ДВЕРИ СУМАСШЕДШЕГО ДОМА
ДОЛЖНЫ БЫТЬ ВСЕГДА ОТКРЫТЫ
АДМИНИСТРАЦИЯ
   Наше поколение, воспитанное на городских свалках, живущее в крысинных трущёбах (под словом "крысы" я подразумеваю не несчастных животных, а исключительные свойства некоторых людей) как наркоман в доже наркотика, как смертельно больной в лекарстве нуждается в сереиалах. мы находим там ту самую важную, когда-то запретную, замочную скважину. Возможность влезть в чужую жизнь, обсуждать её, без риска для себя. И при этом, без каких-либо угрызений совести, считать себя вполне праведными людьми. Всё это покзывает, как глубоко в каждом из нас сидит комплекс онаниста.

   Потерялся в определении смысла, в значимости слов.
   Животных понимаю лучше. чем людей.
   Гряжь светлее солнца.
   Пошлость честнее чем литература.
   Секс вернее поэзии.
   "...в городе Париже, в начале июля..."*
   Если кто-нибудь не вспомнит обо мне и не остановит зло, исходящее от стен крепости - я умру...

   Иногда, некоторые вещи приходят неожиданно. Они что-то вдруг открывают во мне. Для меня.
   Вот сейчас, допустим, почему-то подумалось о том, что я не люблю людей с некрасивыми руками. Почему?
    Есть какое-то неотчётливое чувство внутри меня, что существует связь между лицои  и руками. Между руками и характером.
   Помню, довеловь поговорить как-то с одним. Его звали Михаил. Он говорил, что совершенно не запоминает лица людей. Но отчётливо помнит руки людей. Мне это показалось тогда странным. И, наверное, смешным.
   Теперь я его понимаю.

   Как милосердно устроен мир.
   Награждает нас Б-г, а наказывают - люди.
   Пожалуй, было бы гораздо страшнее жить, если бы было наоборот.

   Ноги... Кровь... Лица...
Медленный скрипучий голос вещает:
" -... осторожно, глаза закрываются.
Следующая станция - Остервенение.
Переход на кольцевую.
Уважаемые пассажиры!
Выходя не забывайте..."

Б-же, как хочется жить!

И снова: кровь.... глаза... руки...

БЕГОМ!!!

   Медленно, уронив светильник солнца, чёрным призрачным покрывалом на землю падает ночь.
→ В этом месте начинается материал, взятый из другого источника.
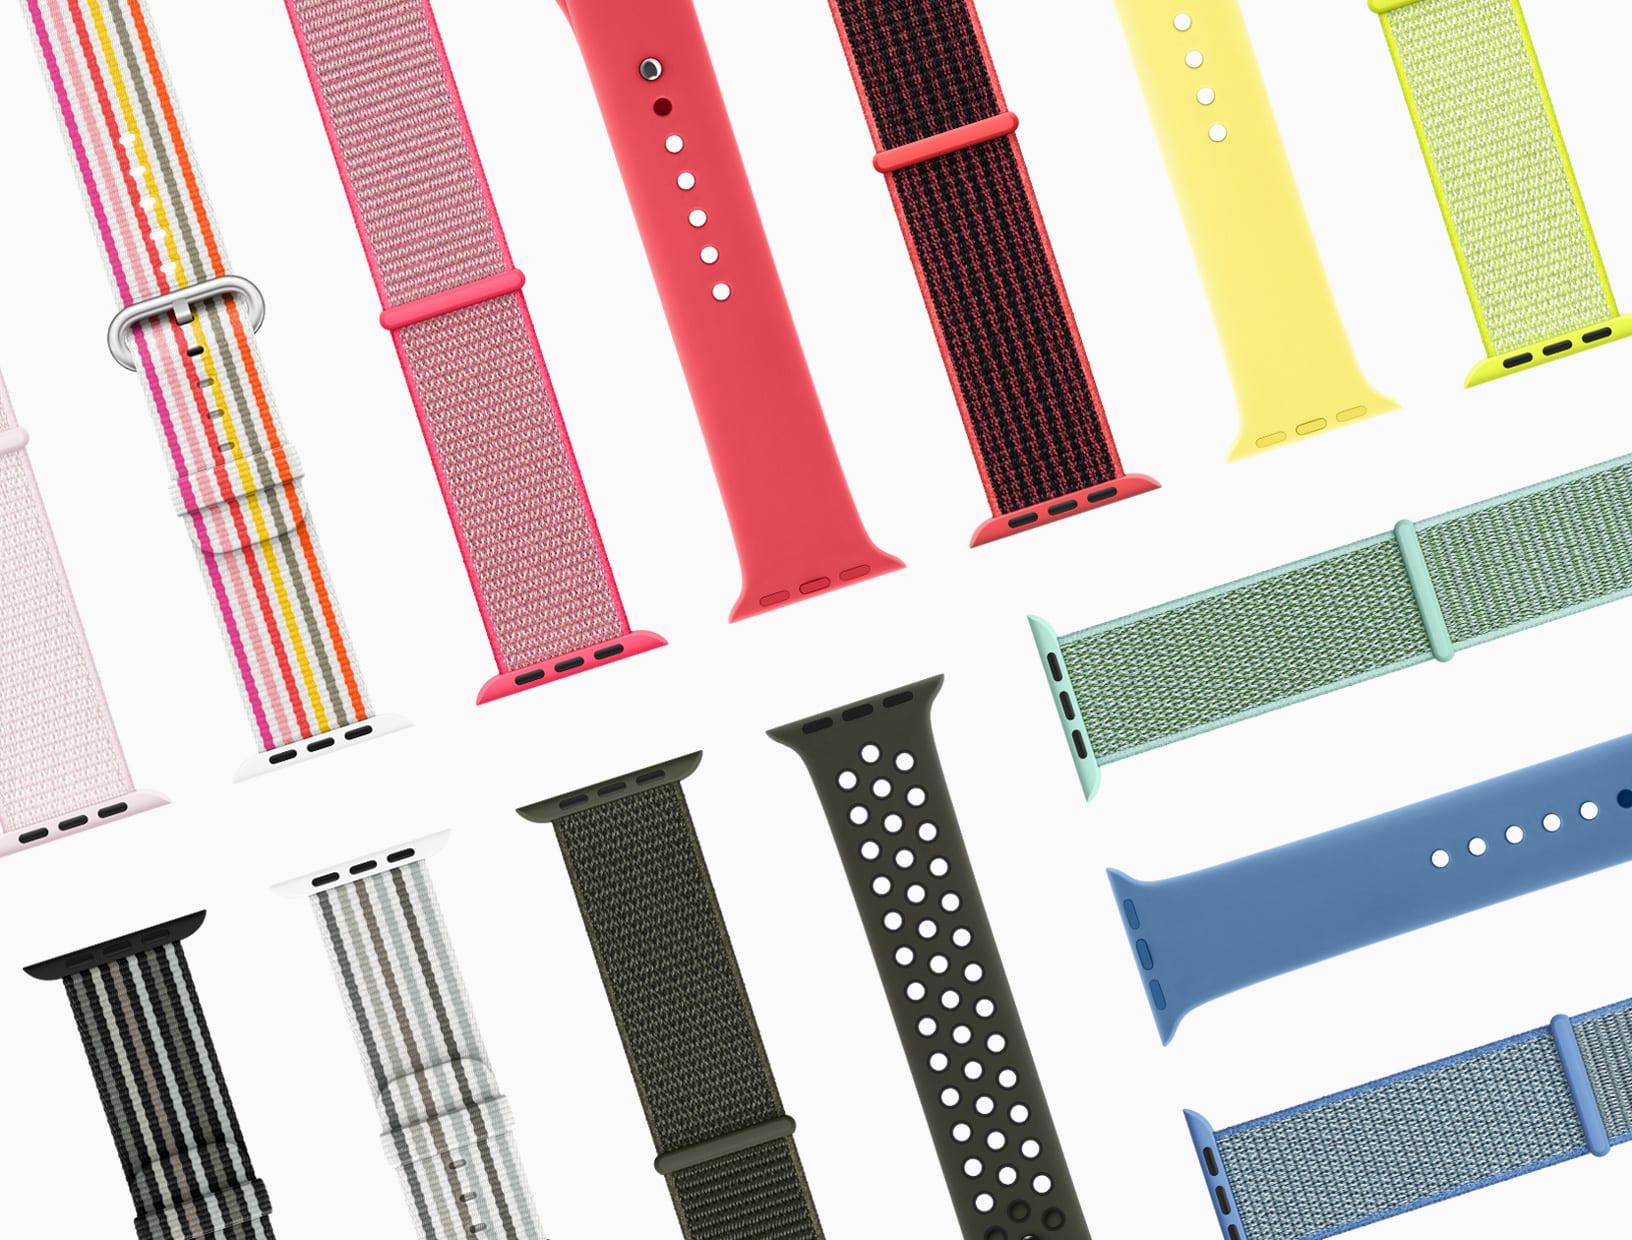 apple watch series3 springbands 032118 - Nový iPad mini nebude, Apple Watch 4 si zachovajú kompatibilitu s remienkami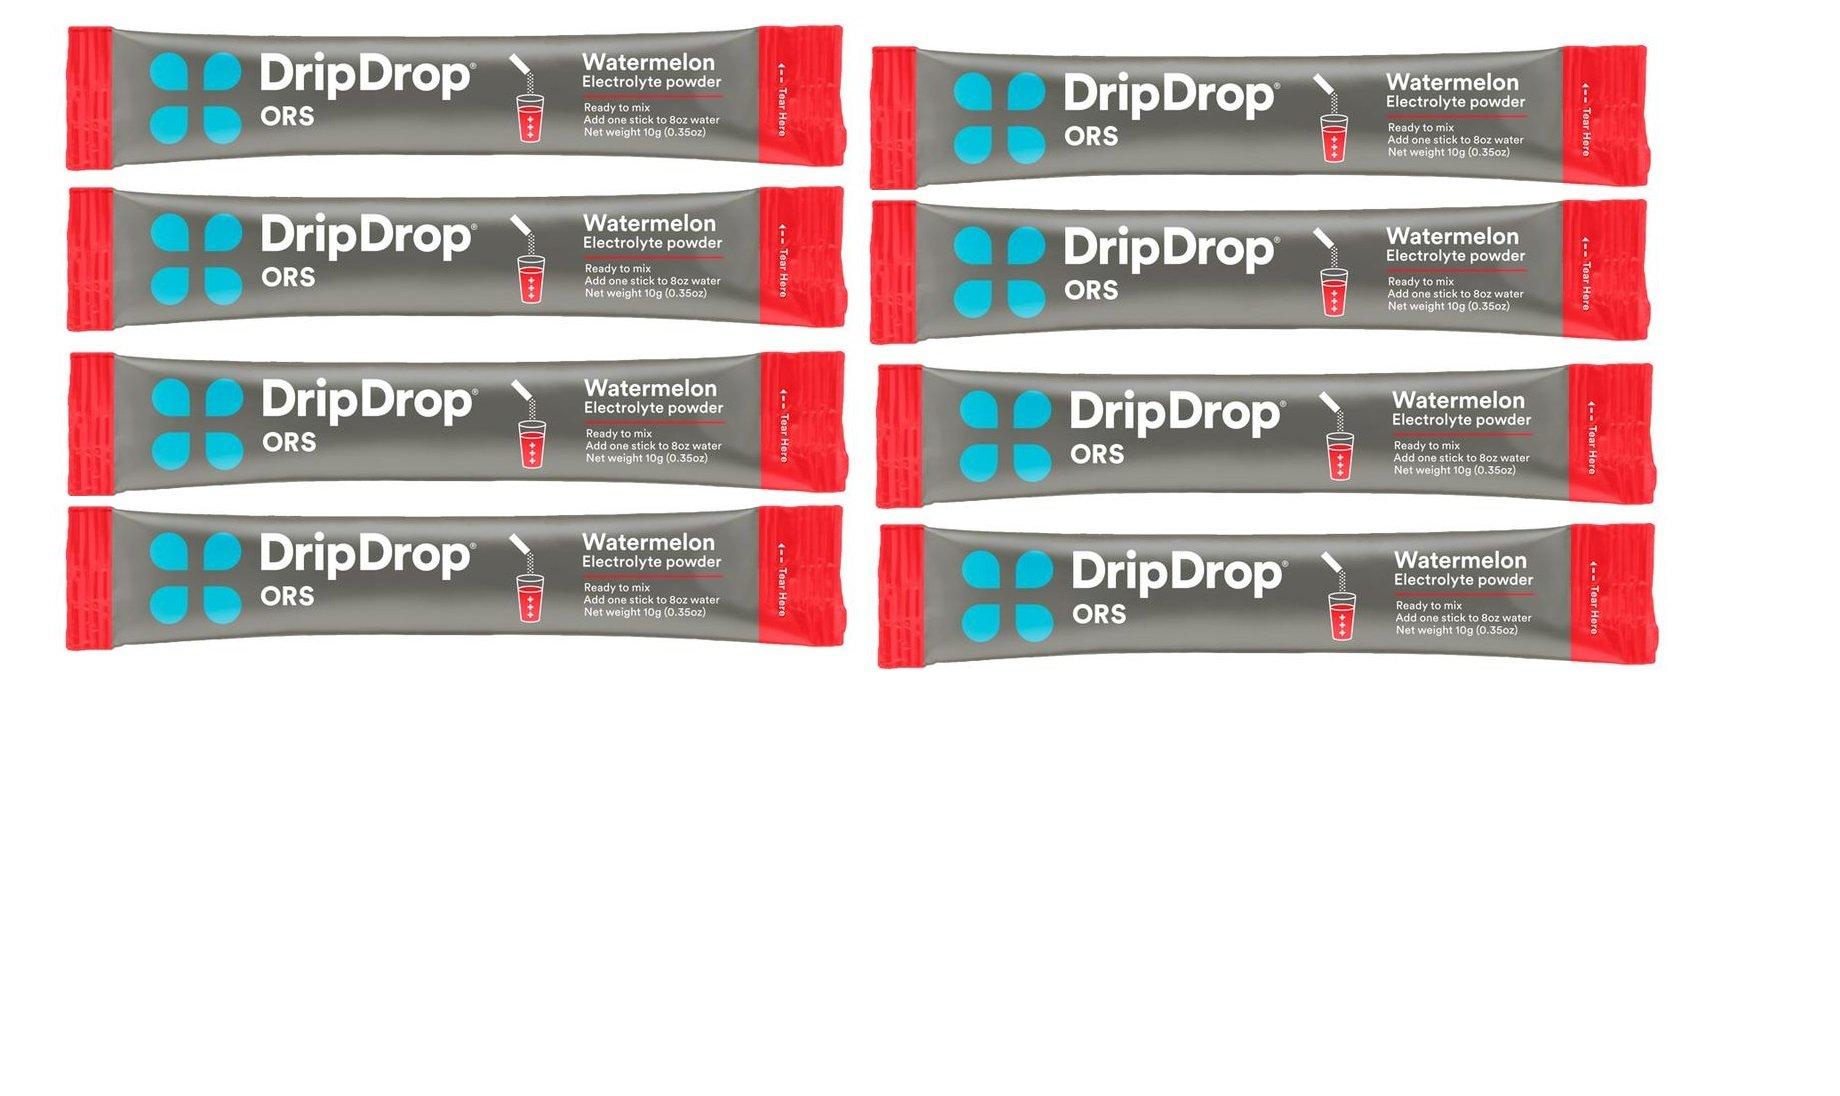 DripDrop ORS Hydration Powder, Watermelon, 8 Powder Sticks Per Box (5 Pack)

Её падение даже можно назвать грациозным. Всё уходит на покой. Под этим покрывалом почему-то холодно и зябко. Умирают бабочки и цветы -однодневки, чтобы завтра родилось в десять раз больше таких же непонятных и упрямых душ.
   И опять на один лишь день. До ночи.
   Ночь. Её дыхание пахнет жизнью и смертью. Своими - необычными, загадочными. всё замерло. Только по крышам носятся Чёрные Ночные Всадники, да звёзды мерцают у них над головами. Холодно, романтично и безжалостно.
   Да ещё можно различить огонёк чьей-то сигареты. И глаза. Большие блестящие глаза в окне, наблюдающие за передвижением Чёрных Всадников Таро.
   Ночь... Сколько ассоуиируется с этим словом. Это сон, это плач, это аппатия, это психоз, это депрессия. Это время, когда влюблённые и новобрачные остаются наконец одни. Это время, когда шлюхи находят свою жертву. Время, когда у поэтов рождаются их лучшие стихи, а у художников - картины. Время Любви и Зачатия.Время смети, чтобы родиться завтра, в новом дне. На дне. Или нет.
   Ночь. Это время, когда остаёшься тет-а-тет со своим воинственным "Я". Збрасываешь тяжесть дня. Его игру. Честность. Сумасбродство. И стараешься не лгать самому себе. 
   Ночь - она для пастухов. Овцы ложатся спать с заходом солнца.
  Ночь - Королева, оспаривающая престол у Короля-Дня.
   В отличии от дня, ночью человек живёт, как индивидуум. И ни у кого нельзя отнять его маленького ночного королевства.

Спрячь в чёрное ночное покрывало
Свою жемчужину-душу,
Чтобы завтра, при свете Солнца,
Продать её за бесценок
На очередном аукционе жизни.

   - А ты слышал когда-нибудь, как плачут камни?
   Она сидела напротив, улыбаясь, как мать Тереза, всепрощающей улыбкой. Её звали Люба и ей было 18 лет отроду. Красивая полногрудая  цыганка. 
   - Любовь -это самое светлое, что есть в жизни - сказал я ей тогда, мысленно уже обрекая себя на то, что предётся сегодня делить с ней постель.
  - Увы - ответила она - к сожалению это, лишь красивые слова.
    И мне нечего было ответить. Я ещё ничего не знал о любви и , конечно же ещё не слышал плачущих камней.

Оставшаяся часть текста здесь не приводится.